#### [Problem to solve]
Return the full listing unchanged, apart from leaving out its images.

#### [Dataset excerpt]
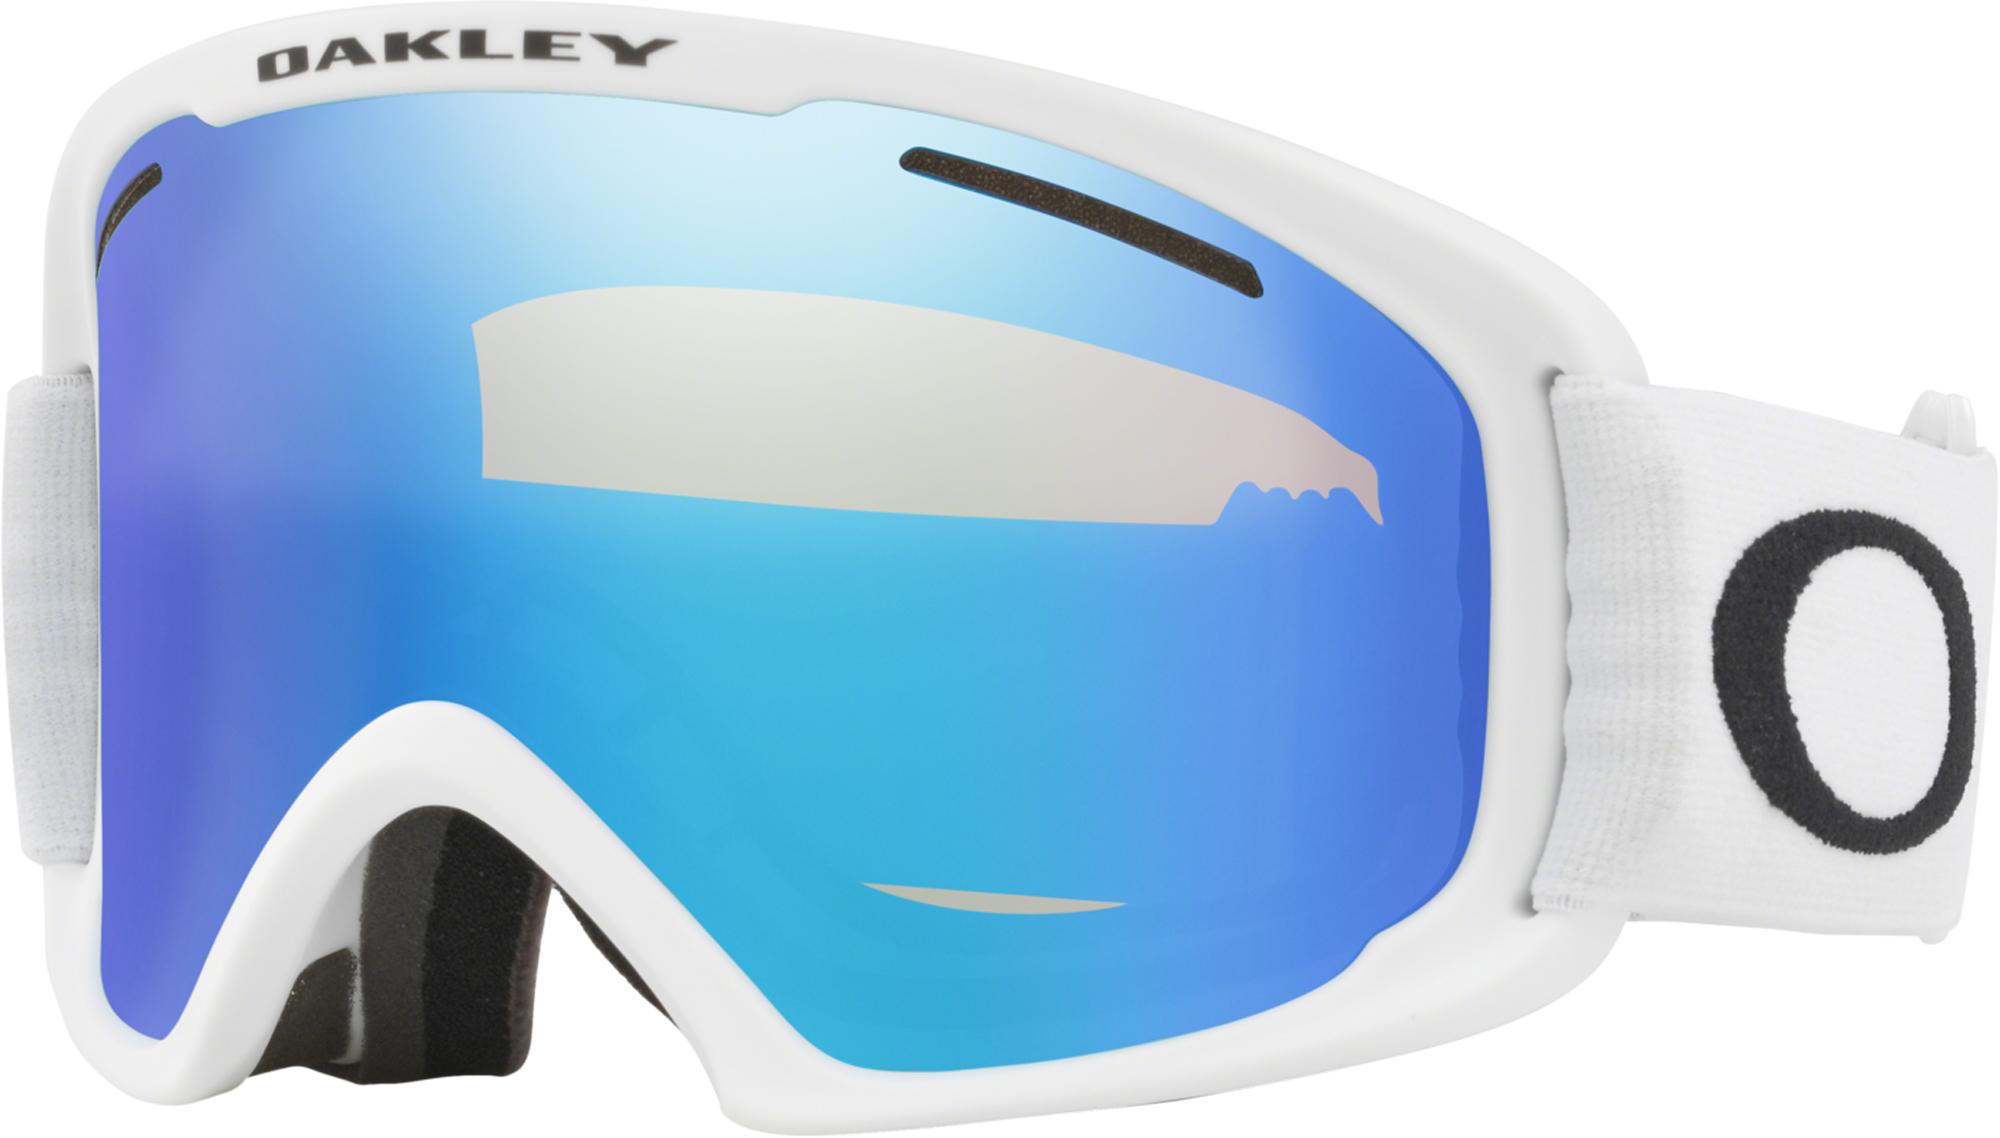 Oakley Маска со сменной линзой Oakley O Frame 2.0 XL цена
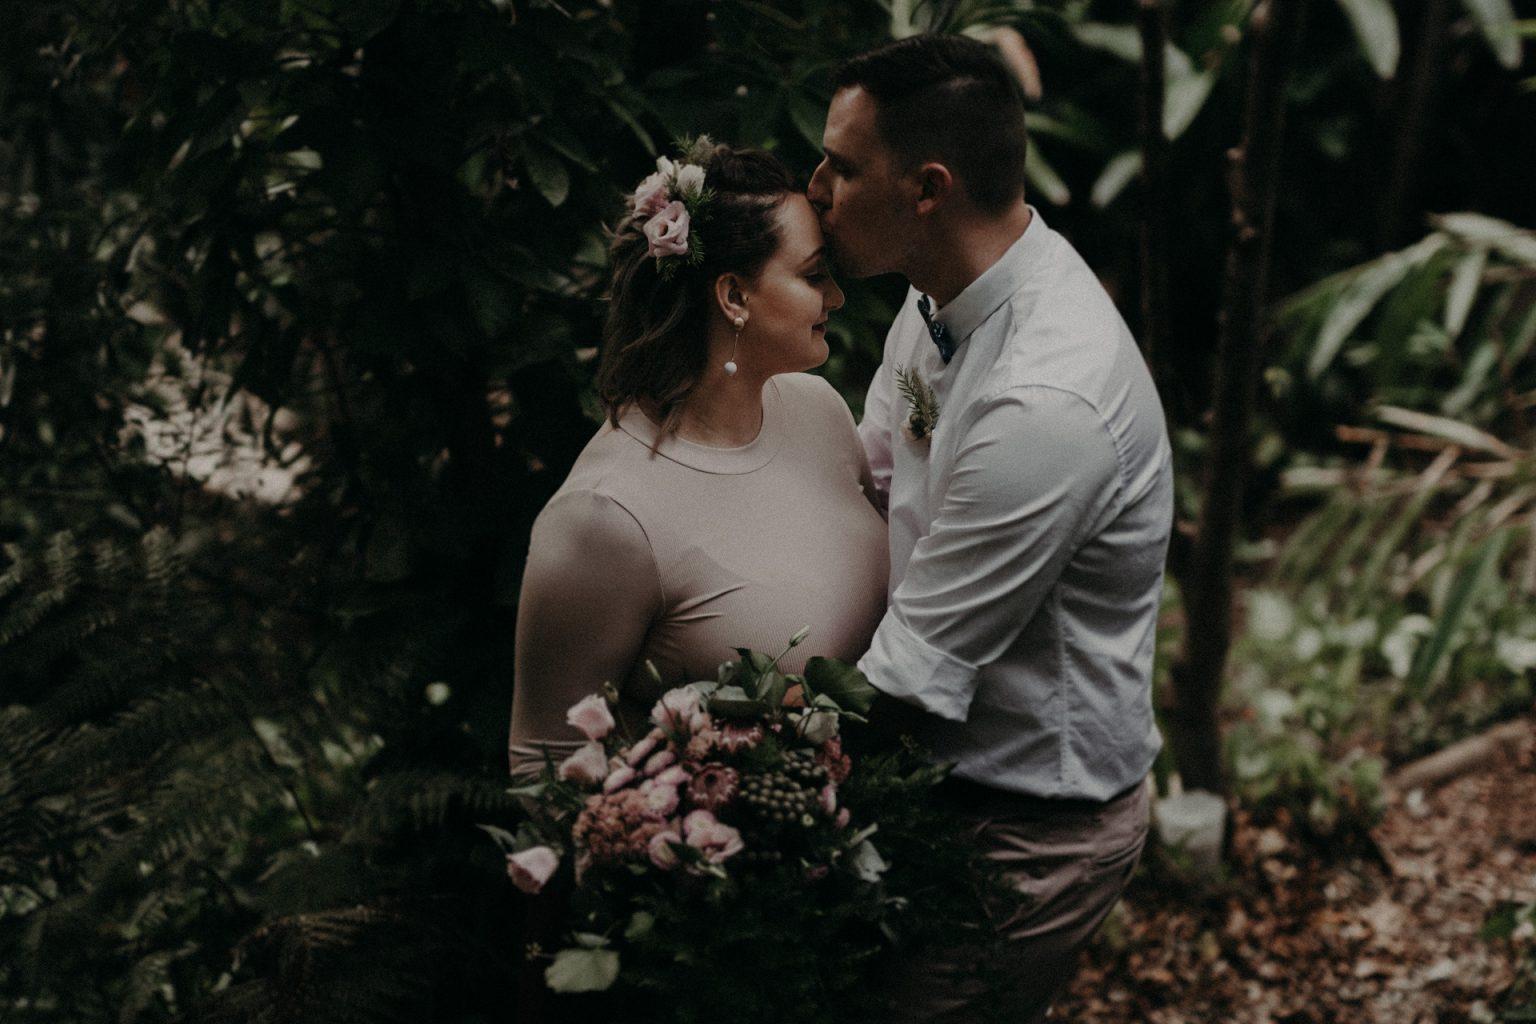 bride and groom in garden bouquet pink dress  kiss
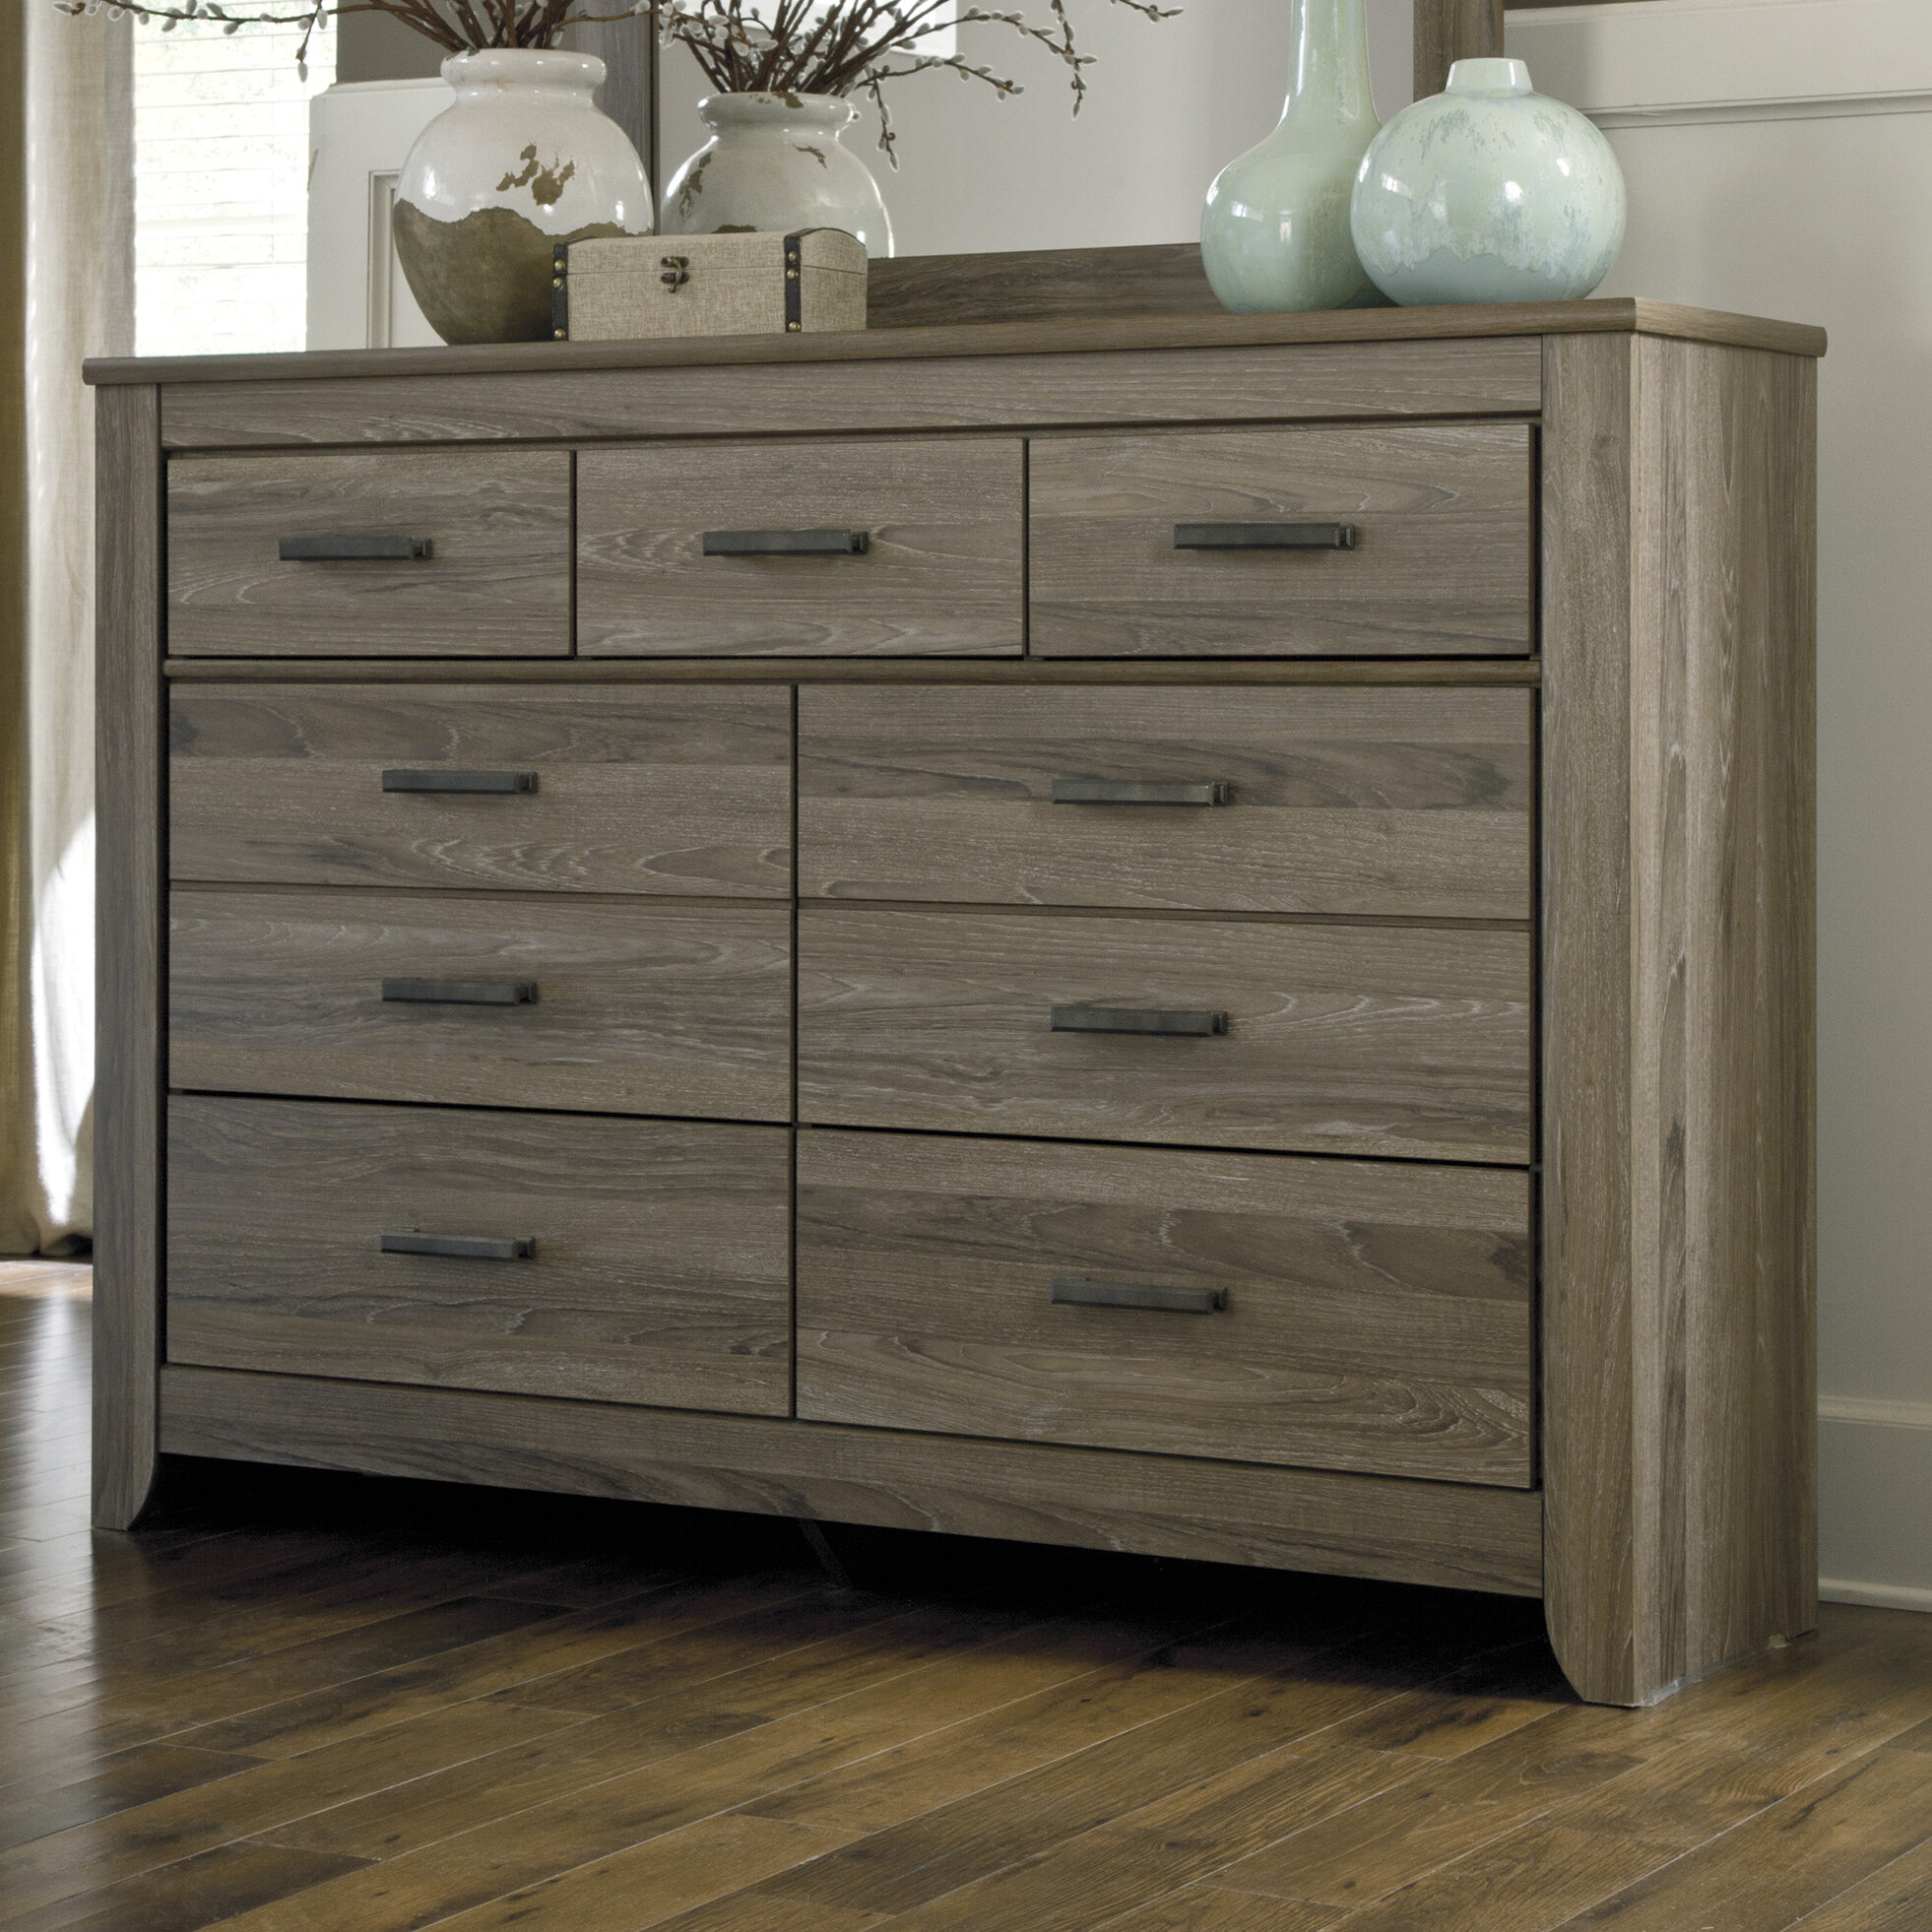 Trent Austin Design Herard 7 Drawer Dresser U0026 Reviews | Wayfair
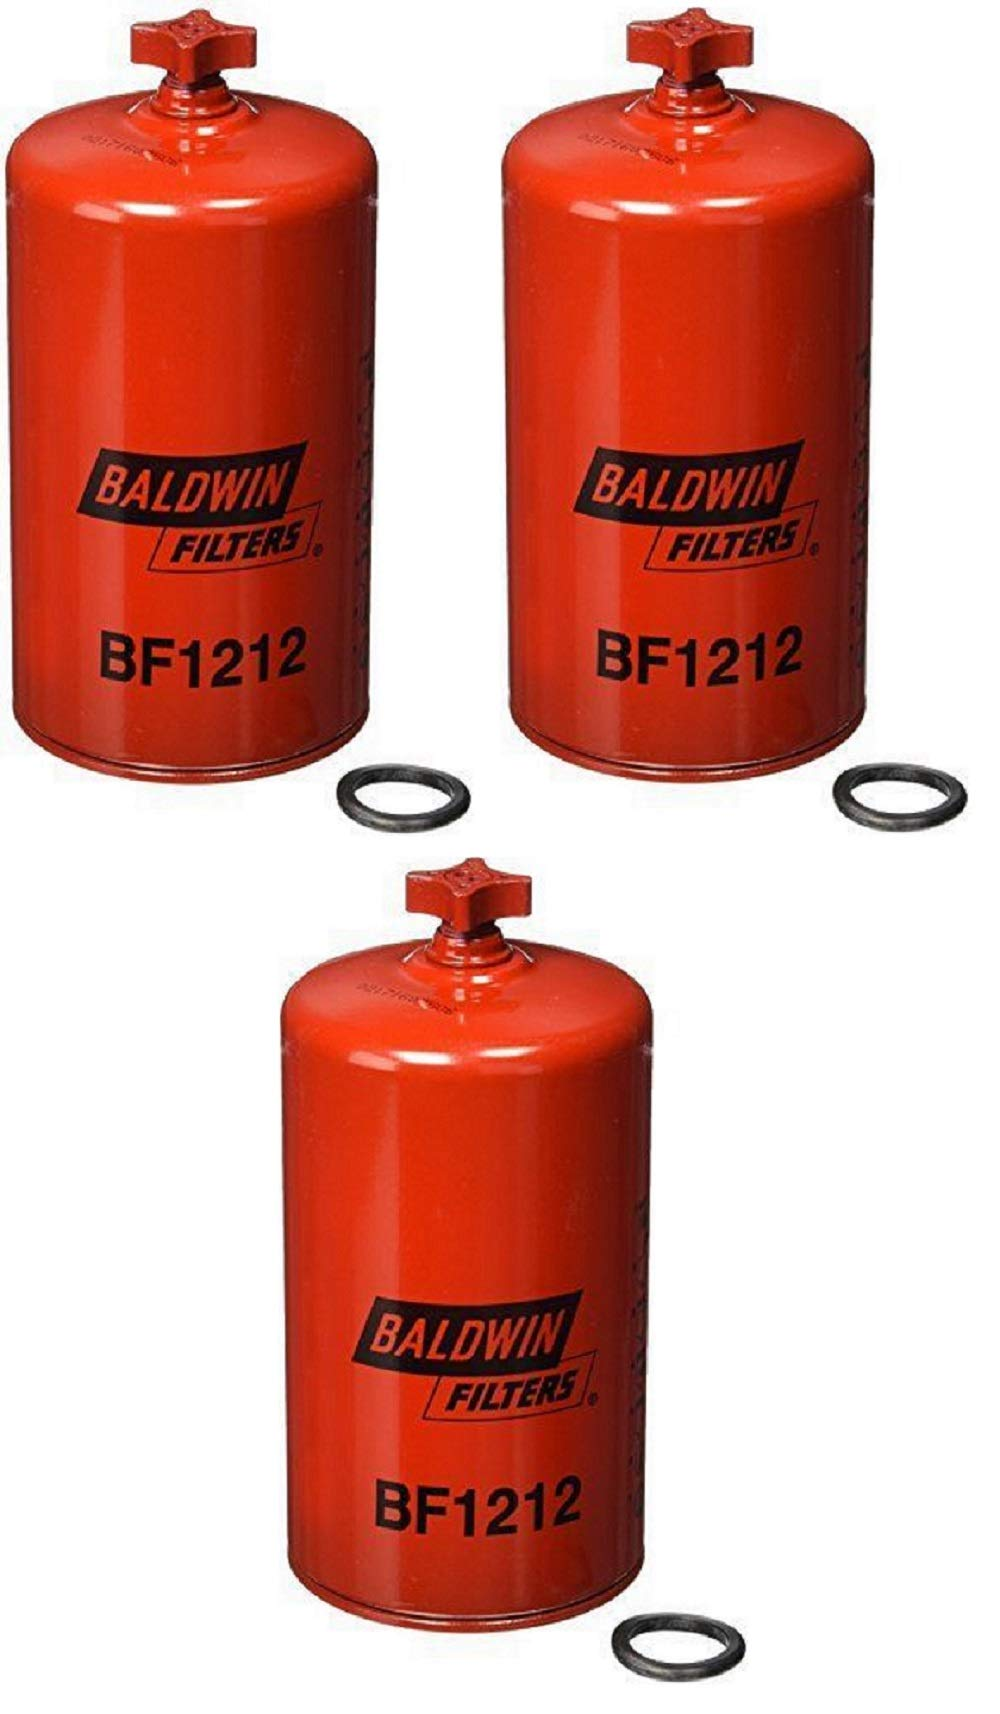 Baldwin BF1212 Heavy Duty Diesel Fuel Spin-On Filter (Pack of 3)

#### [Exercise result]
 Oakley Маска со сменной линзой Oakley O Frame 2.0 XL цена
 bride and groom in garden bouquet pink dress  kiss
 Trent Austin Design Herard 7 Drawer Dresser U0026 Reviews | Wayfair
 Baldwin BF1212 Heavy Duty Diesel Fuel Spin-On Filter (Pack of 3)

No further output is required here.